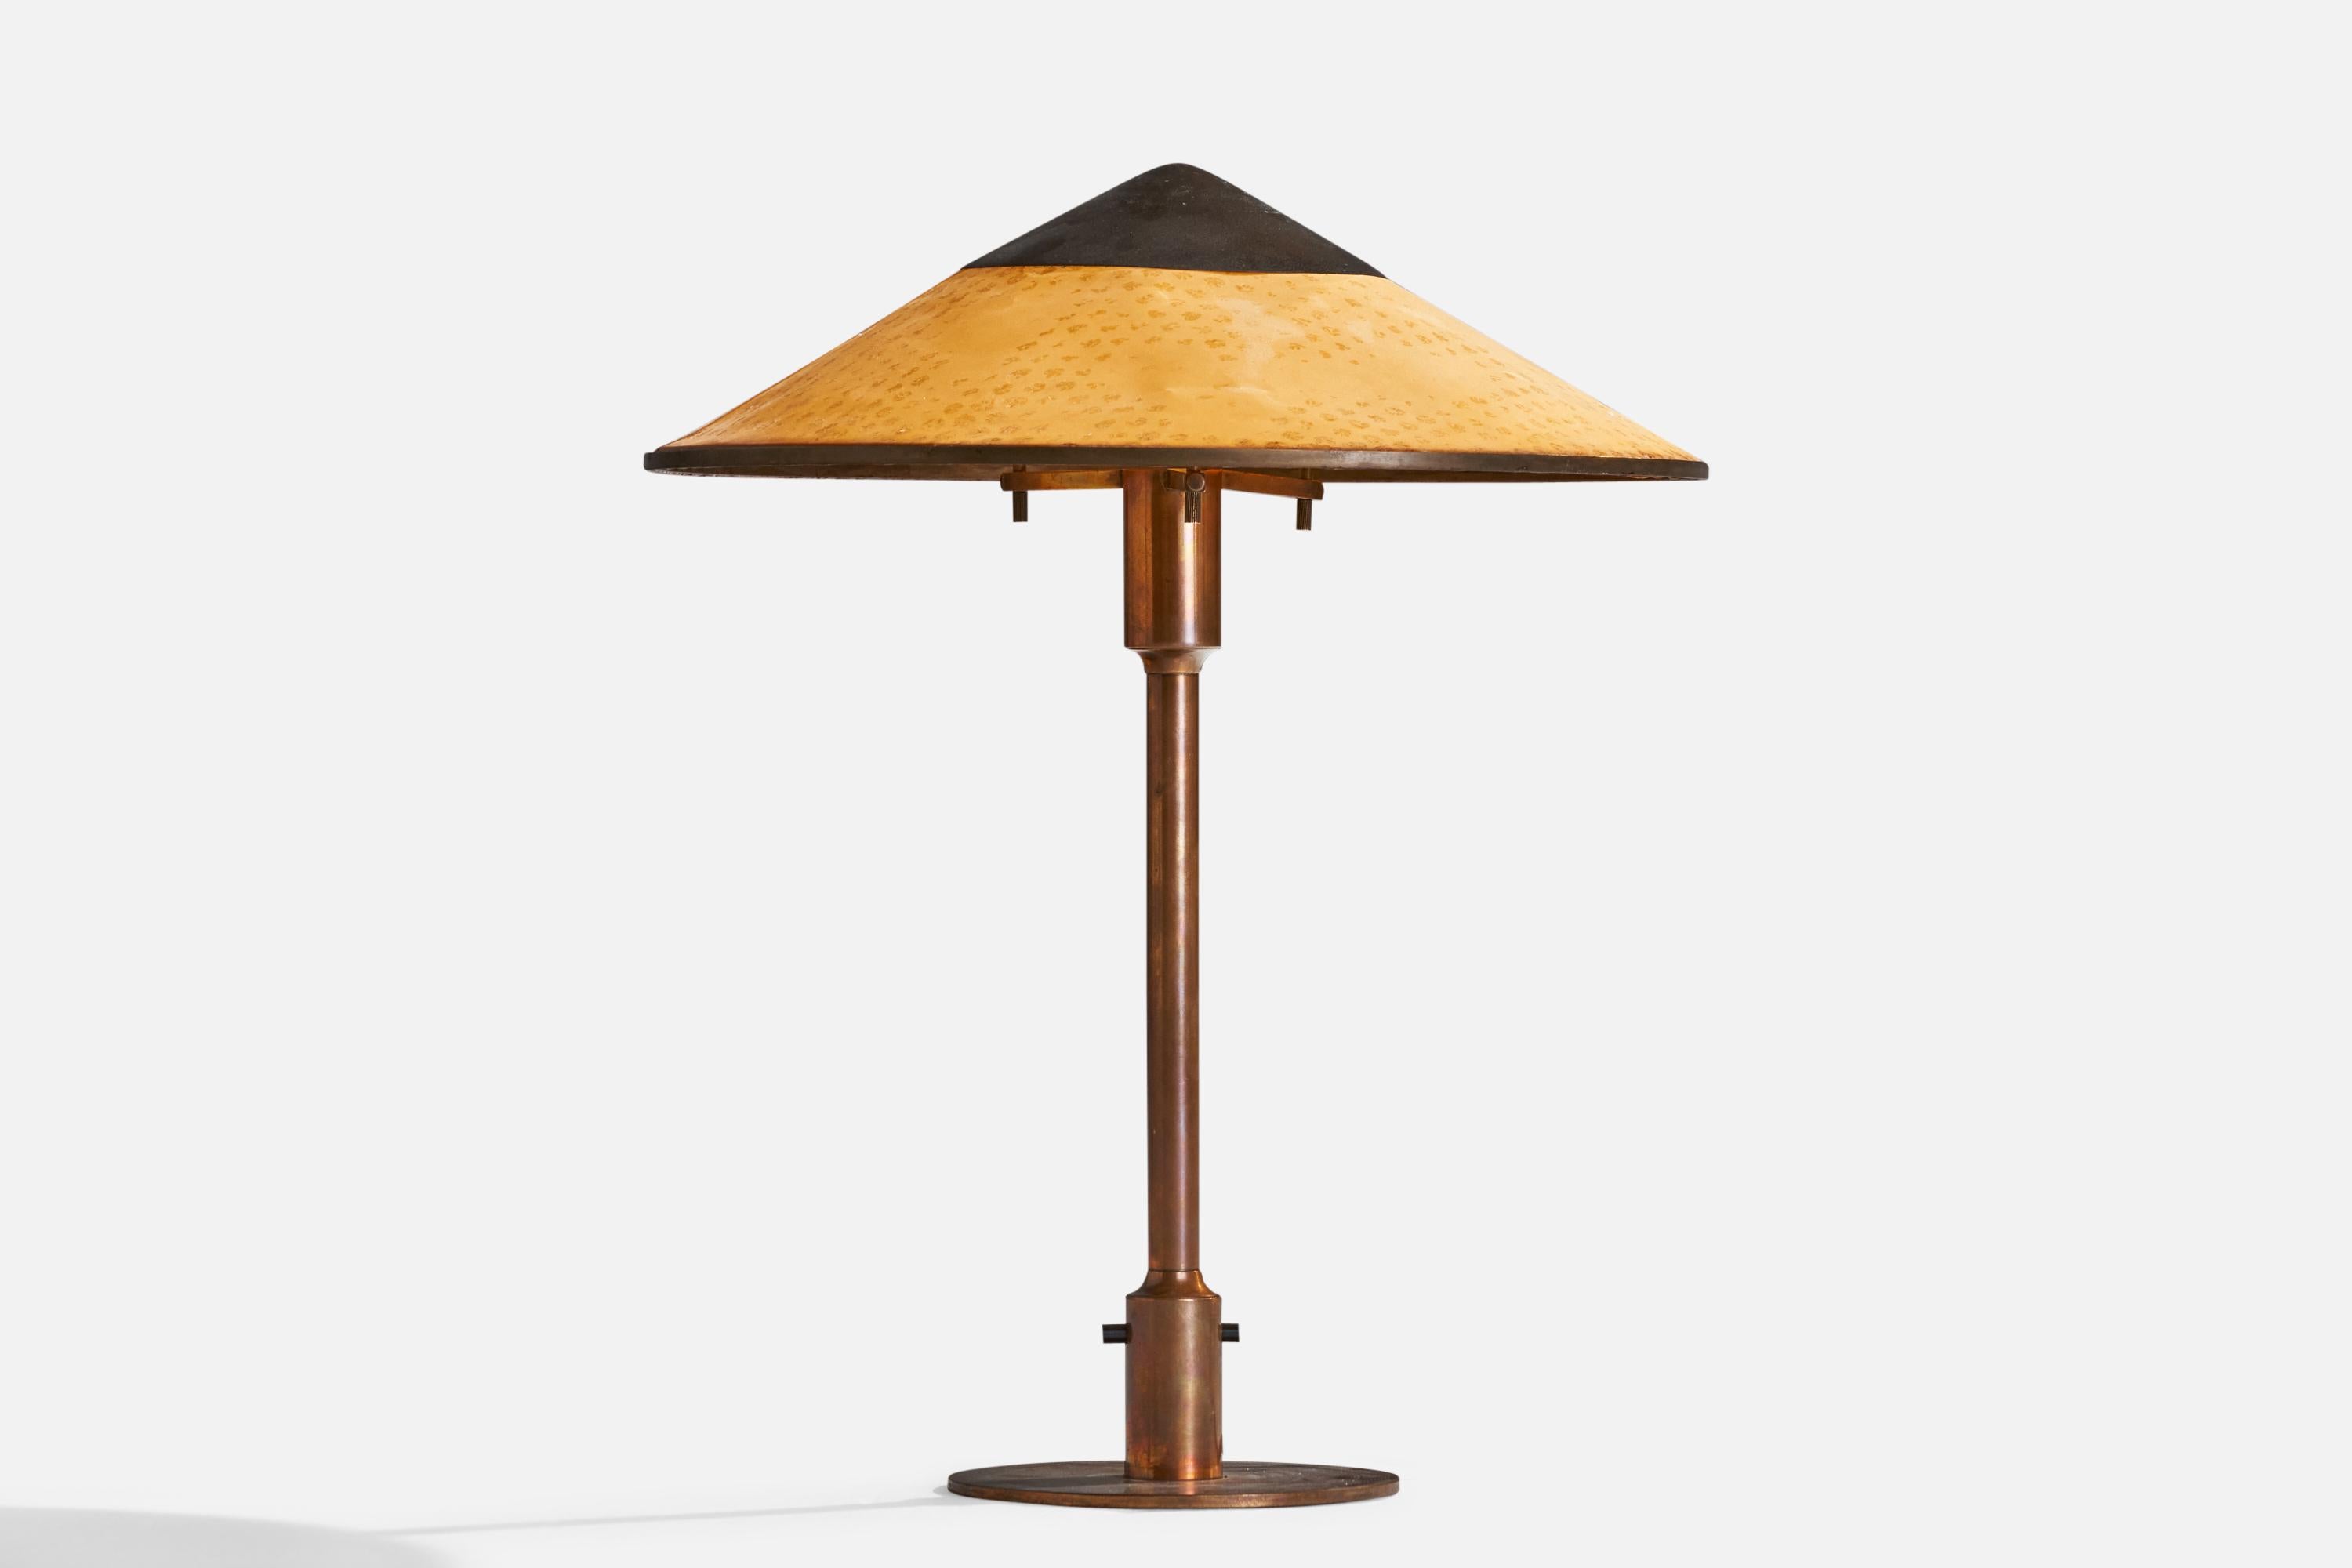 A copper and orange waxed paper table lamp designed and produced by Niels Rasmussen Thykier, Denmark, 1930s.

Overall Dimensions (inches): 19.5” H 14.5” Diameter
Bulb Specifications: E-26 Bulb
Number of Sockets: 1
All lighting will be converted for
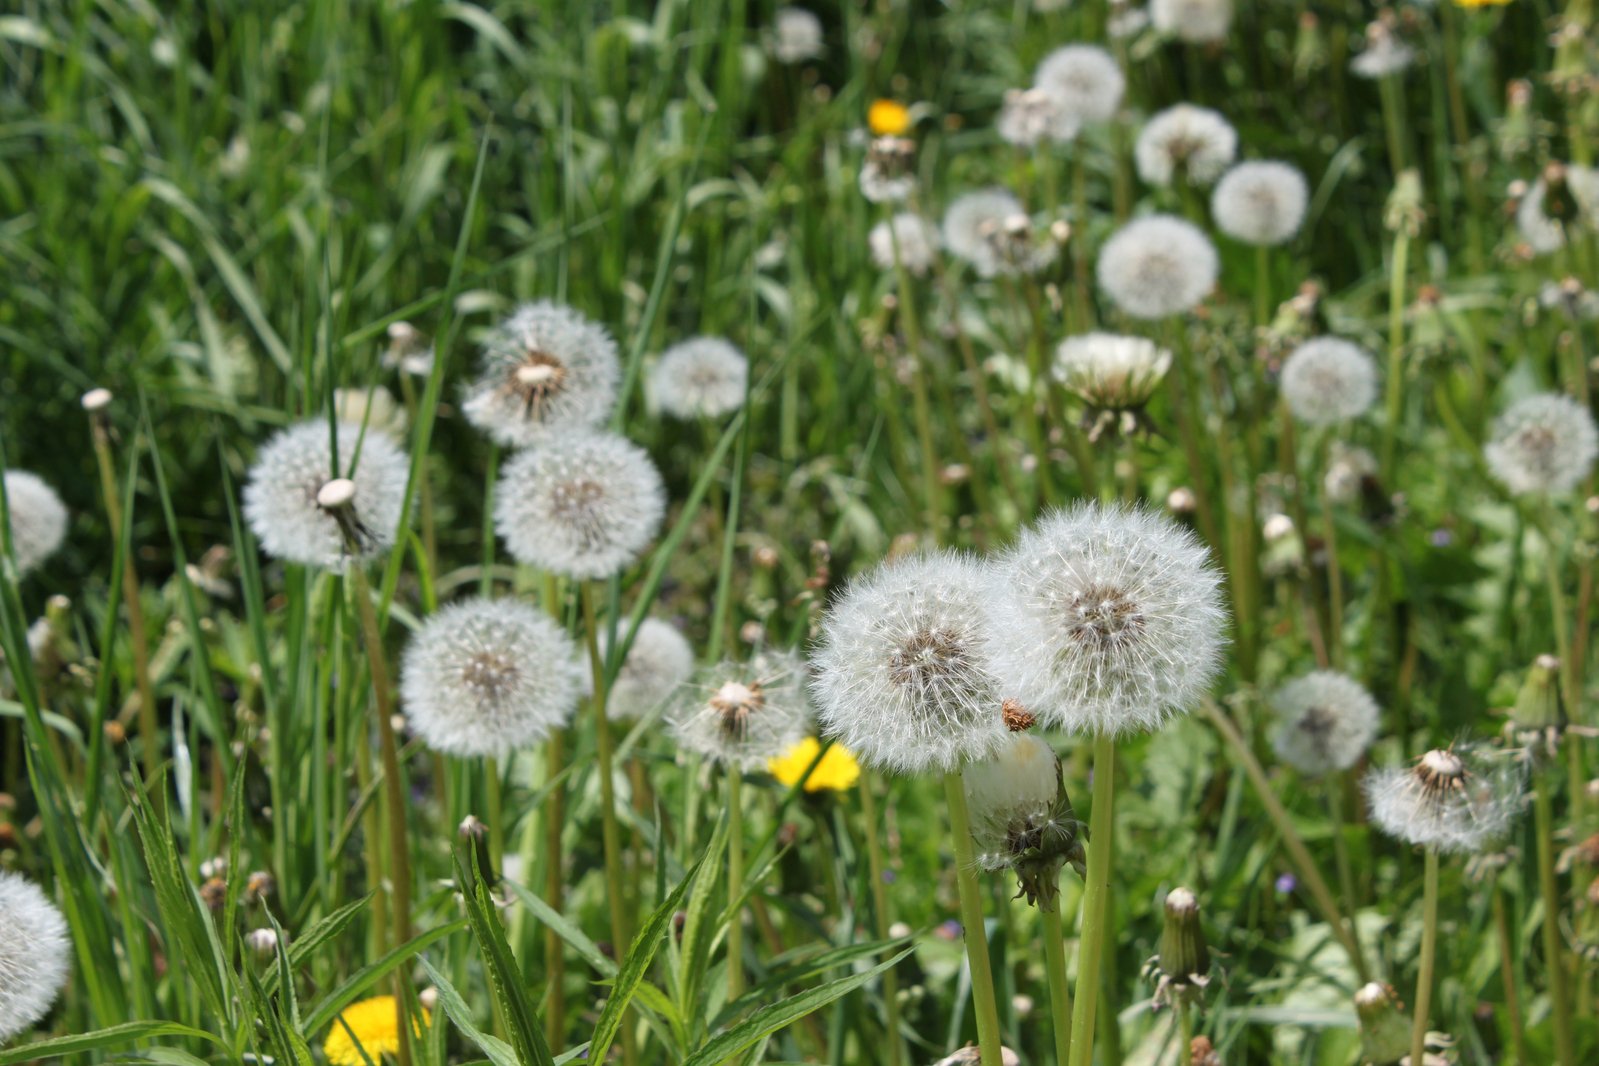 a group of dandelions with small yellow flowers
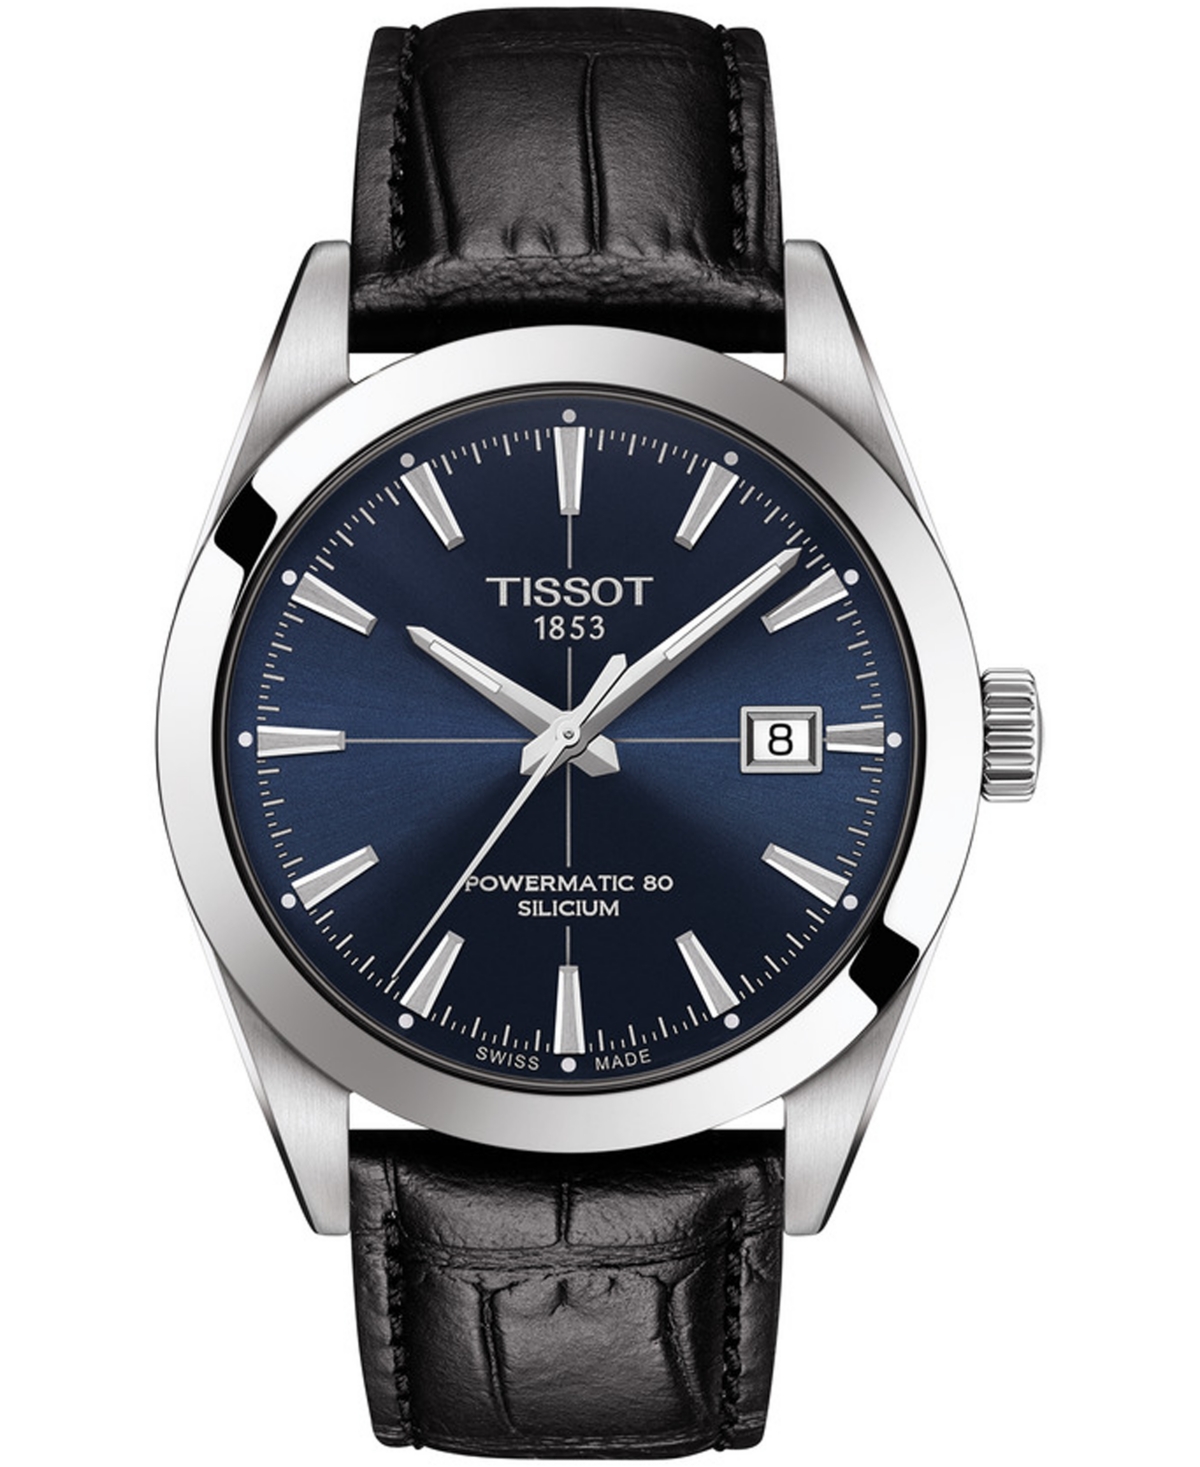 Tissot Men's Swiss Automatic Powermatic 80 Silicium Black Leather Strap Watch 40mm In Blue
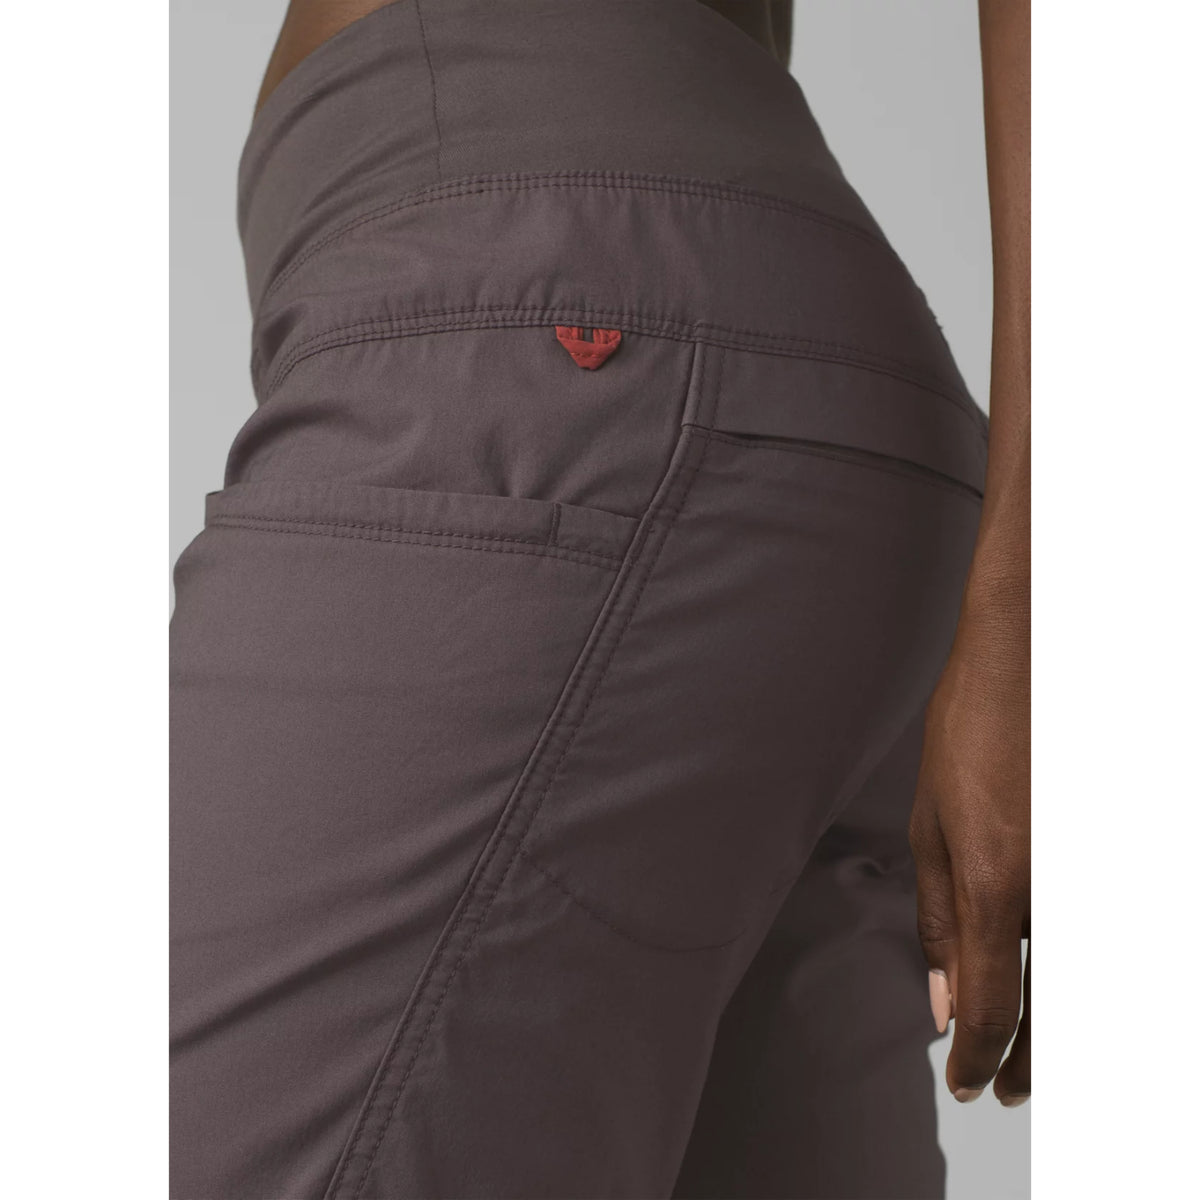 Prana Kanab Pant Womens in granite colour showing front

━━━

> [Requirement]: Starting at the line that holds "All lighting will be converted for", print each line through the last one of the entries above, exactly and with both ends included; no pictures.

> [The completed task]:
All lighting will be converted for
 a group of dandelions with small yellow flowers
 Tissot Men's Swiss Automatic Powermatic 80 Silicium Black Leather Strap Watch 40mm In Blue
 Prana Kanab Pant Womens in granite colour showing front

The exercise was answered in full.